The point I'm making is that there is a big difference of the preferences of an 80 vs 60 y/o. That's it and don't think anyone can argue with that.


----------



## perropedorro (Mar 19, 2016)

nomad1952 said:


> The point I'm making is that there is a big difference of the preferences of an 80 vs 60 y/o. That's it and don't think anyone can argue with that.

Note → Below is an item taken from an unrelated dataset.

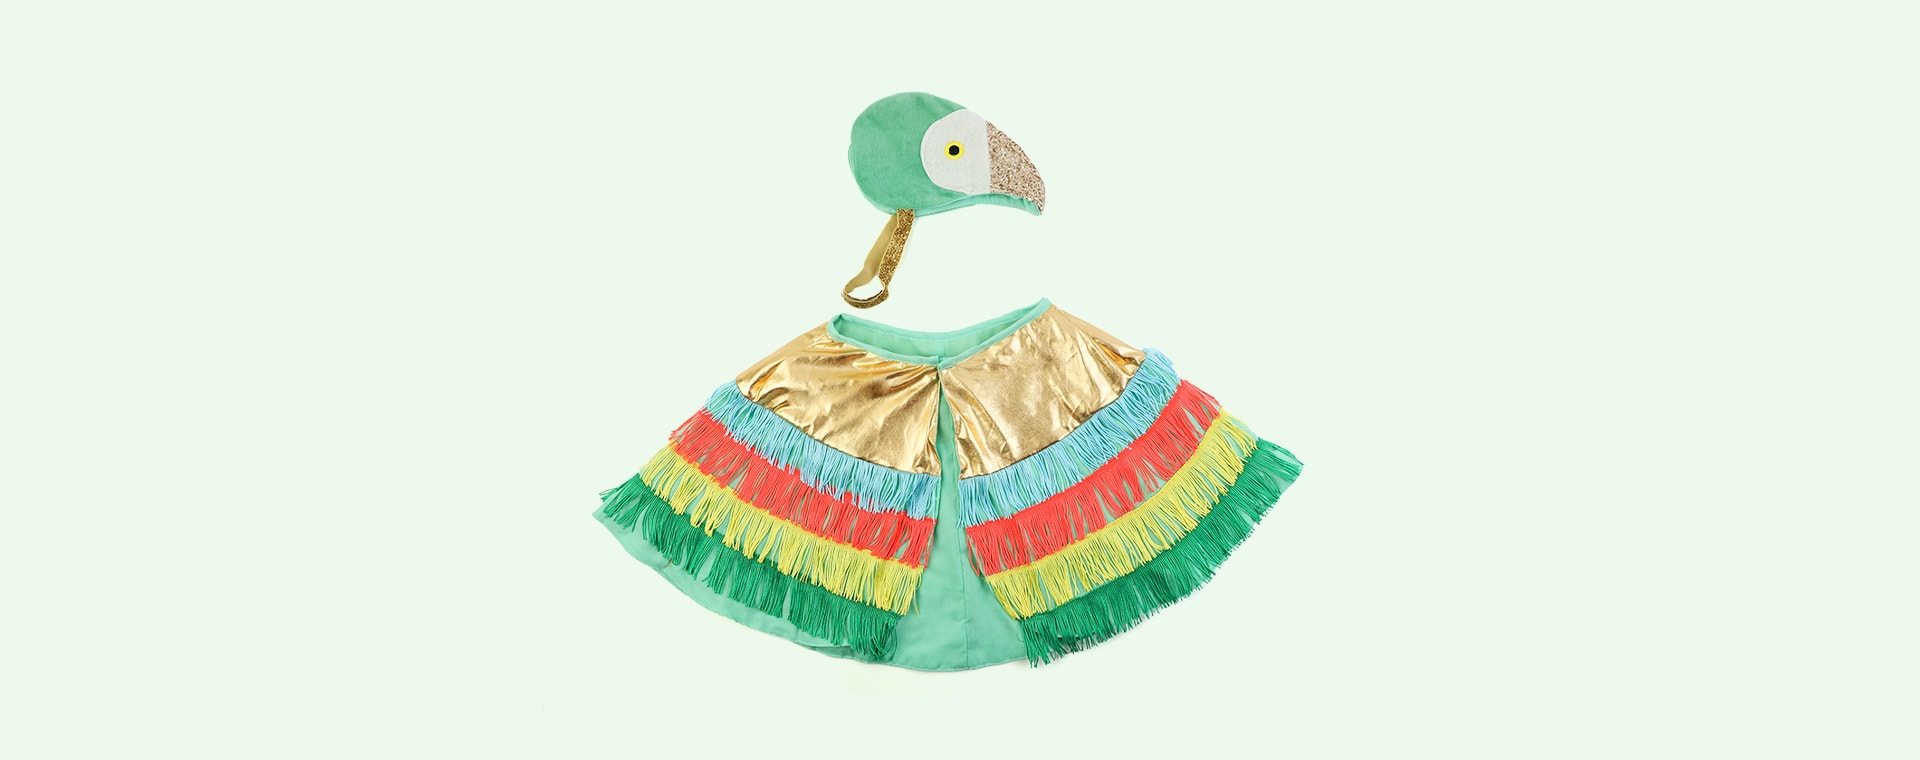 Multi Meri Meri Parrot Fringed Cape Dress up

I'd argue chronological age is emphatically _not_ the sole index of physical and mental healthor level of activity. Lots of 80 year-olds that are in great shape and still have all their marbles along a zest for life and aren't ready for assisted living any time soon. Then there are those at 70, 60, maybe even 50 that look and act like they're just passing time.
But I'd agree with you on Bahía Kino, Rocky Point or any of the places between on the Sonora Coast. Not particularly pretty, interesting or cheap. Álamos is east of Navojoa, away from the coast but rather near the mines. I think San Carlos might be what canam99 is looking for. It's the beach area/tourist district of Guaymas, Sonora, a little nicer. Several RV parks that cater to Snowbirds but not sure how many year-round expats live there or what sort of community they have.


----------



## TundraGreen (Jul 15, 2010)

nomad1952 said:


> The point I'm making is that there is a big difference of the preferences of an 80 vs 60 y/o. That's it and don't think anyone can argue with that.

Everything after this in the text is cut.